Maintenant, le problème des mails. Tout dépend de ce que tu veux. Si tes users sont des users systèmes et que tu veux de l'IMAP pour les mails, pense a avoir une /home assez volumineuse. Si tu stockes les mails dans /var/mail.. Benh var doit être grand. Idem, bien sûr si tes users utilisent du POP mais laissent les messages sur le serveur.

Pas oublier non plus, les mails dans la queue ! En cas de pétage d'un site et spam via la fonction mail() de php, ça va vite se remplir.
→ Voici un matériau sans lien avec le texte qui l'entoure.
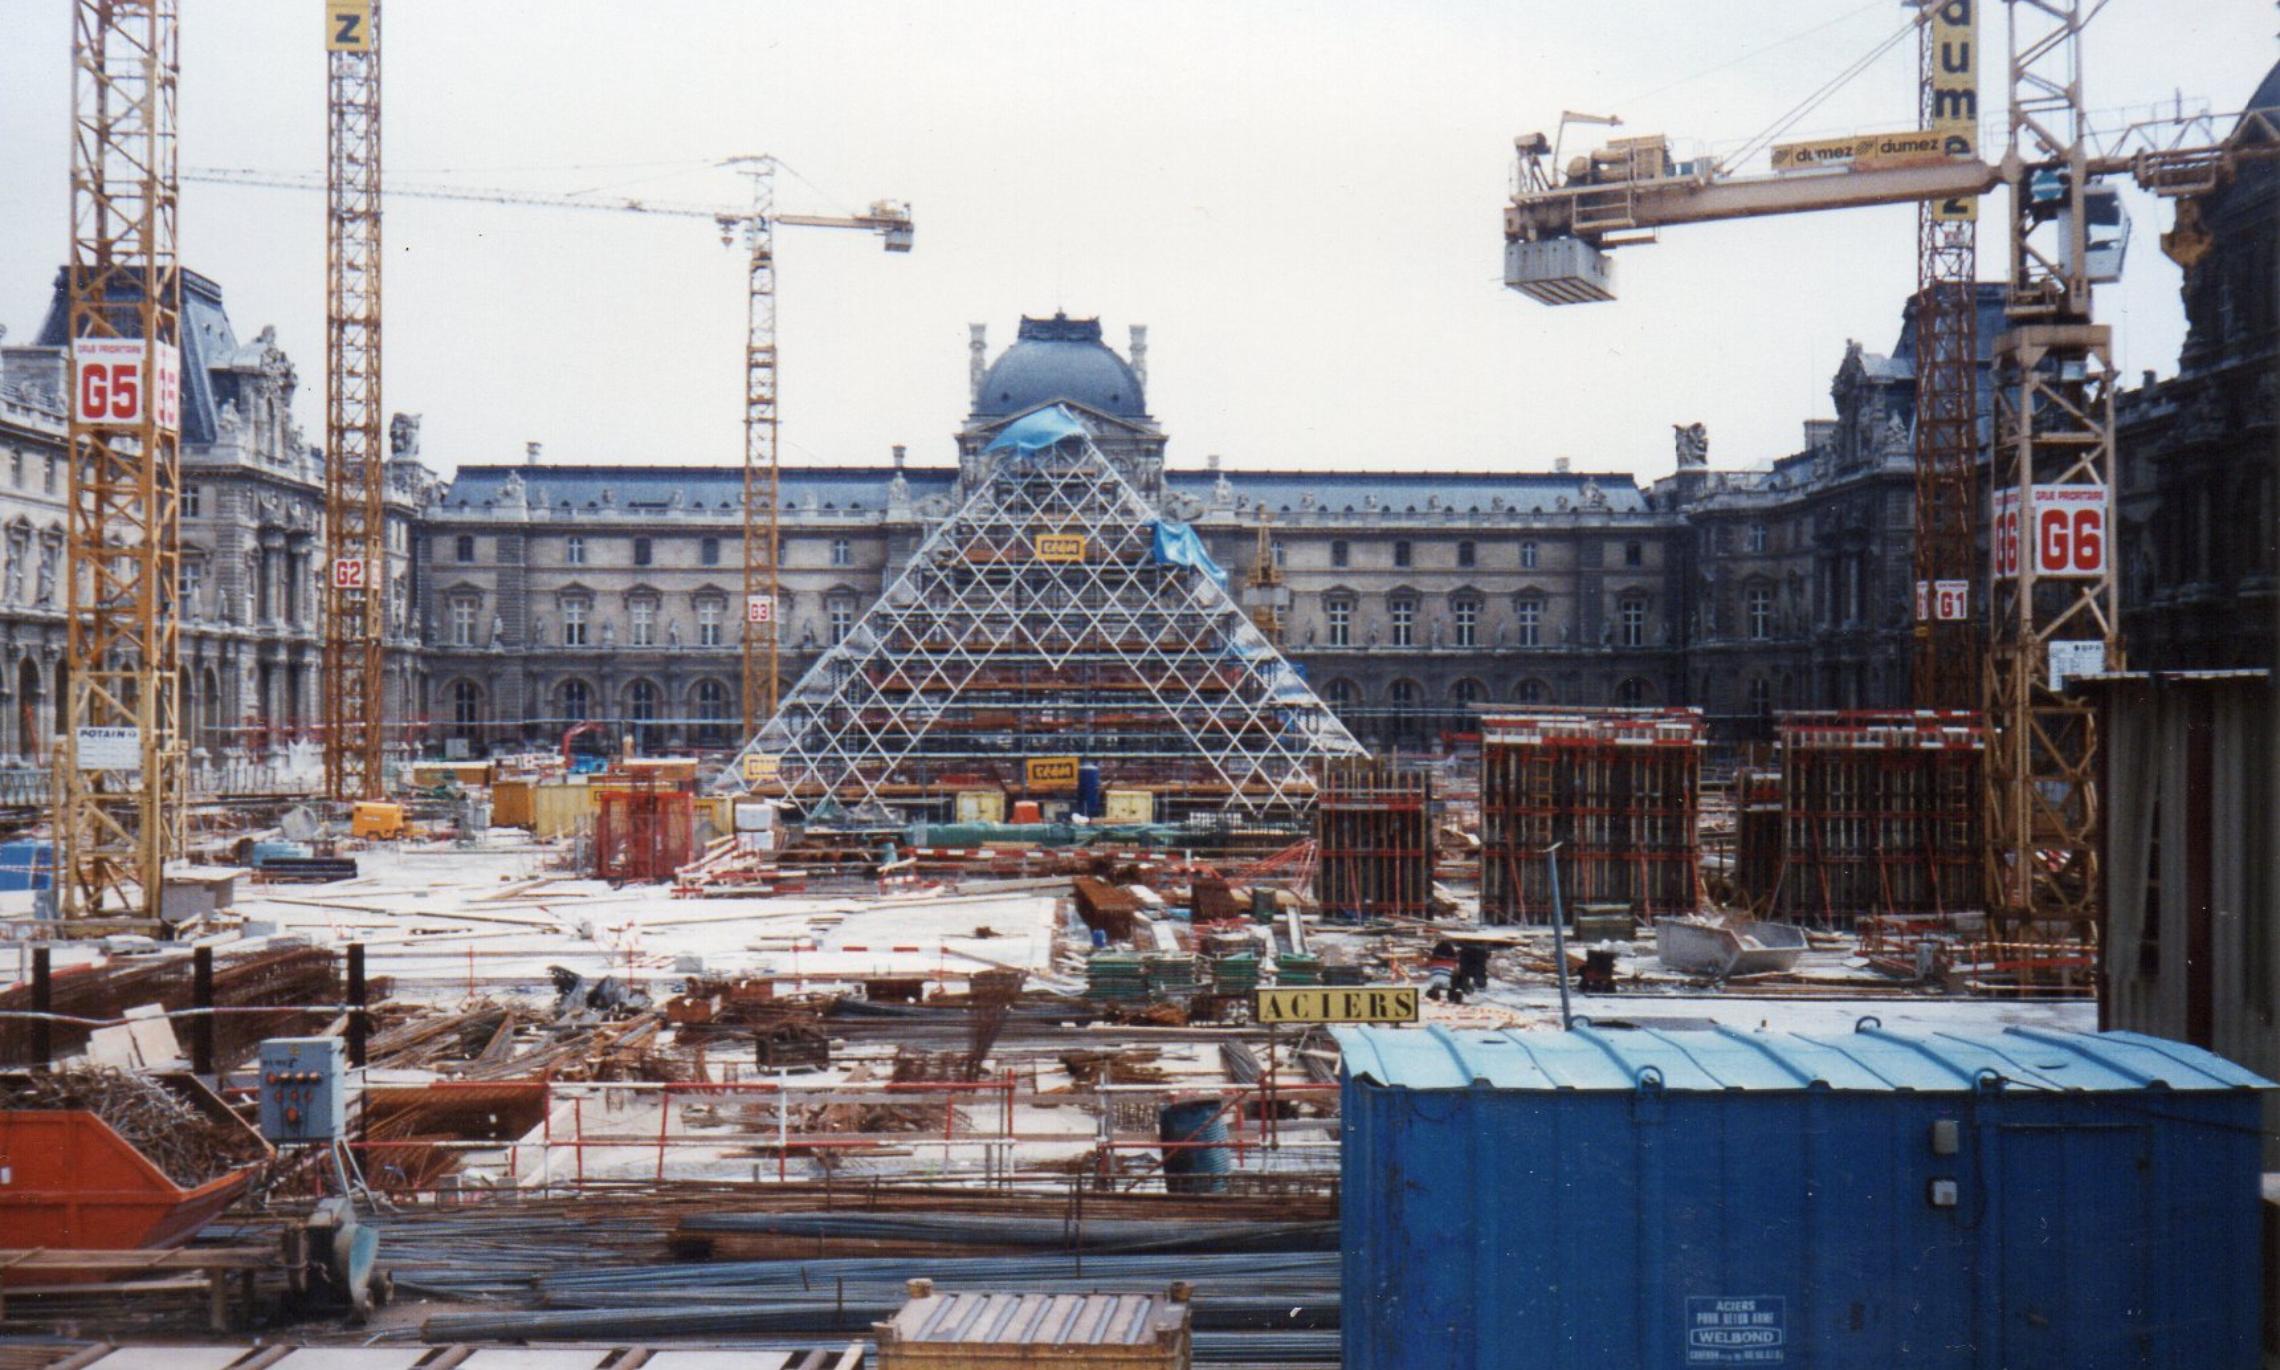 Руководителей Best Way обвинили в строительстве финансовой пирамиды. На фото Joseolgon строительство пирамиды в Лувре (CC BY-SA 3.0).

Un truc qu'il est bien c'est.... suhosin pour php On le teste actuellement au boulot et c'est de la balle. On va pas tarder à le coller en prod je pense.

Une partition backup séparée où tu balances tes dumps mysql et tes rsync / tar des sites peut être aussi sympa à prévoir.

Enfin, /var/www en fonction du poids estimé des sites à héberger.

Maintenant, passons aux trucs chiants. Si tes amis qui vont profiter de ton site ont du windows, surveille les ! Les keyloggers et cie, ça pue. Voire même, oblige les à uploader depuis une machine NUX / BSD. Si y'a que toi qui uploade des sites, benh c'est bon :p

Un apache compilé en statique avec php dedans, ça le fait côté perfs, mais c'est moins simple. Ton /usr/local/src va se remplir :p Le mpm worker tu choisiras !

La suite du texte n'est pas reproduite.